### Task statement
Your output should be exactly the lines from the one containing "Baleaf Womens Hiking" through the final line of the following data, please, with no pictures.

### Information supplied
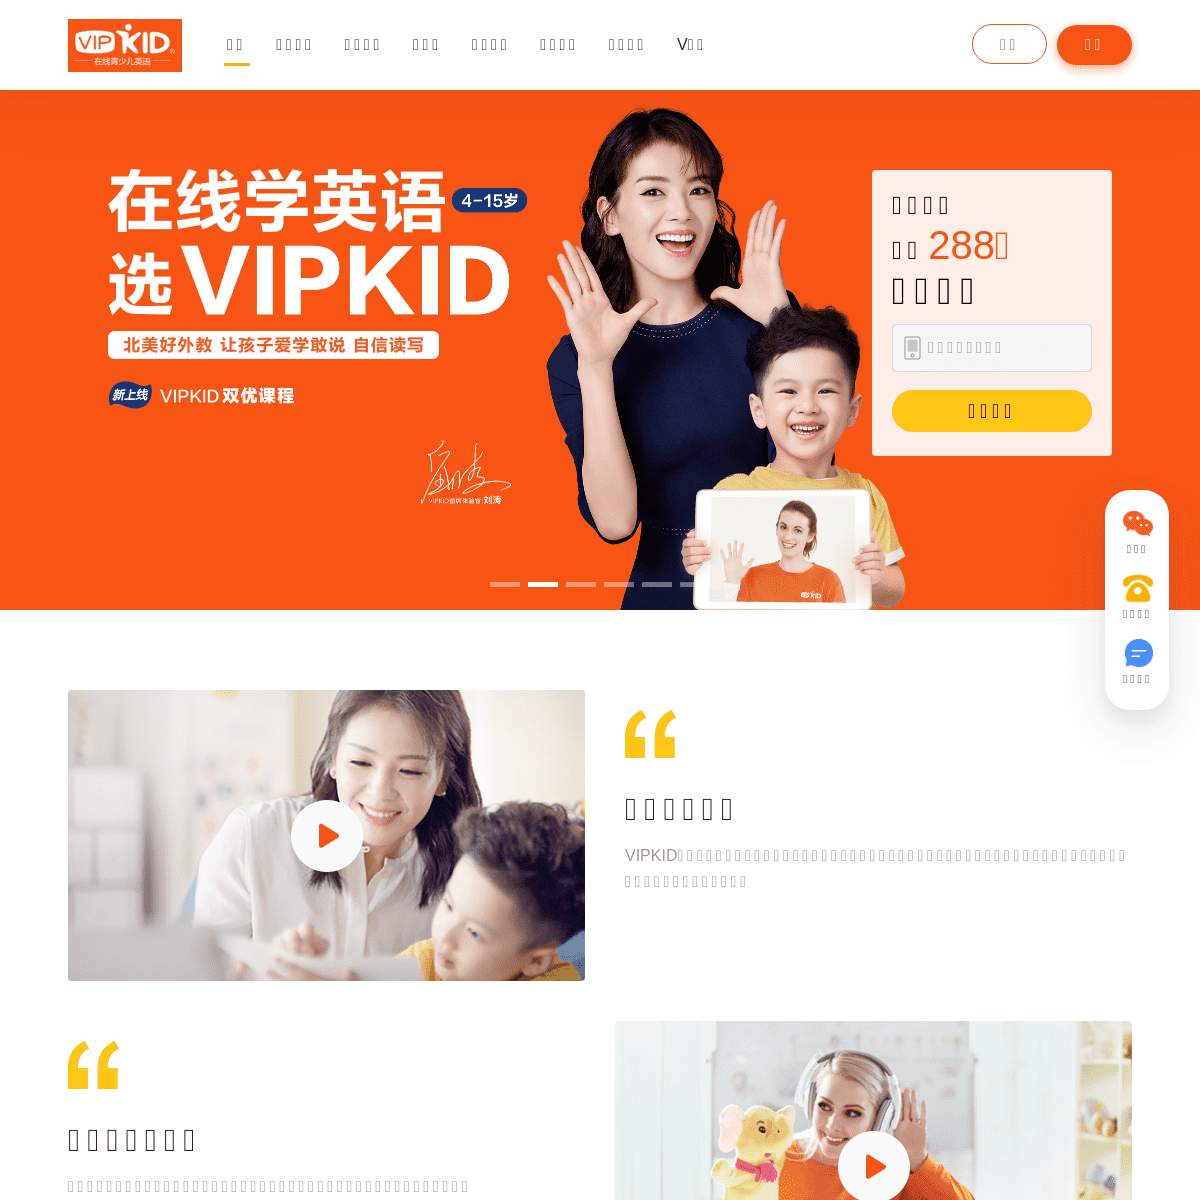 A complete backup of vipkid.com.cn
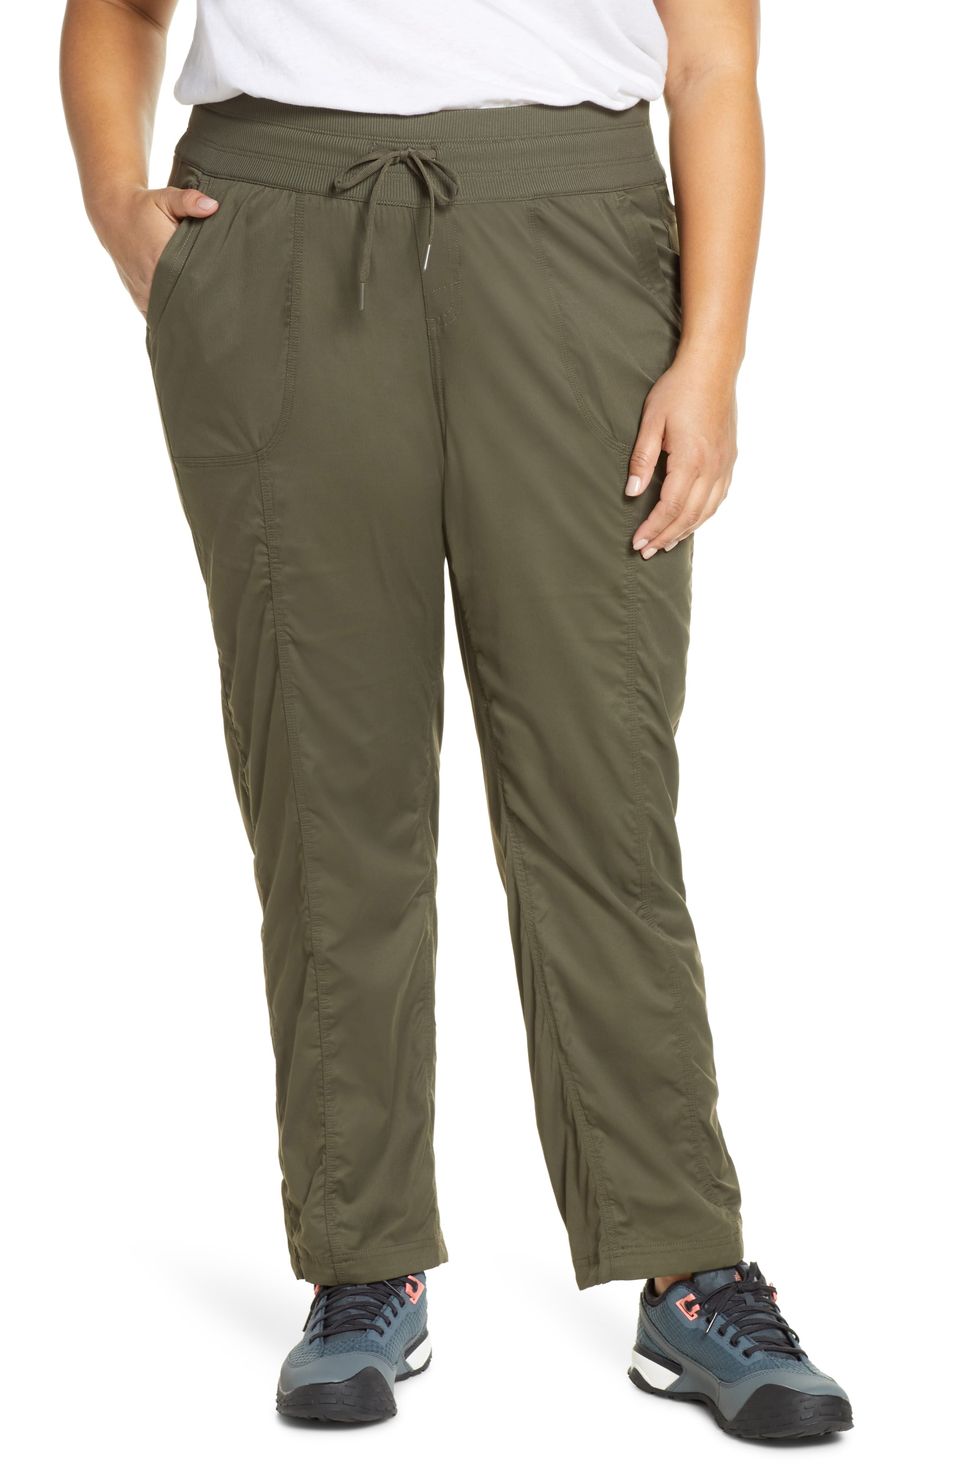 Baleaf Womens Hiking Cargo Capris Outdoor Lightweight Water Resistant Pants  Upf 50 Zipper Pockets Light Green Size Xxl
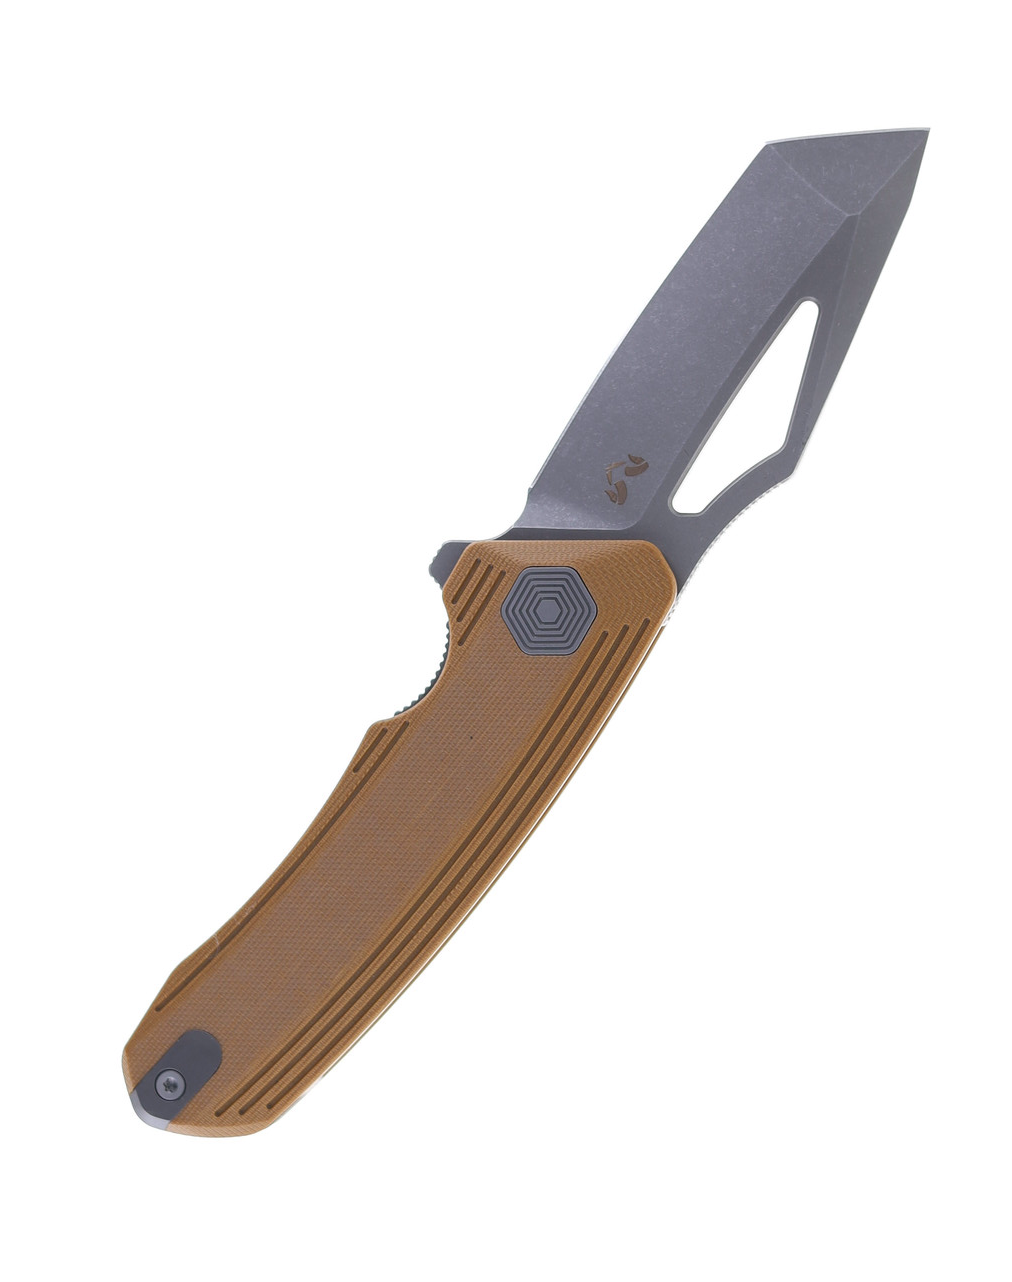 product image for Damned Designs Banshee Folding Knife Jade G10 Handle N690 Tanto Plain Edge Stonewash Finish

### Answer box
 Baleaf Womens Hiking Cargo Capris Outdoor Lightweight Water Resistant Pants  Upf 50 Zipper Pockets Light Green Size Xxl
 product image for Damned Designs Banshee Folding Knife Jade G10 Handle N690 Tanto Plain Edge Stonewash Finish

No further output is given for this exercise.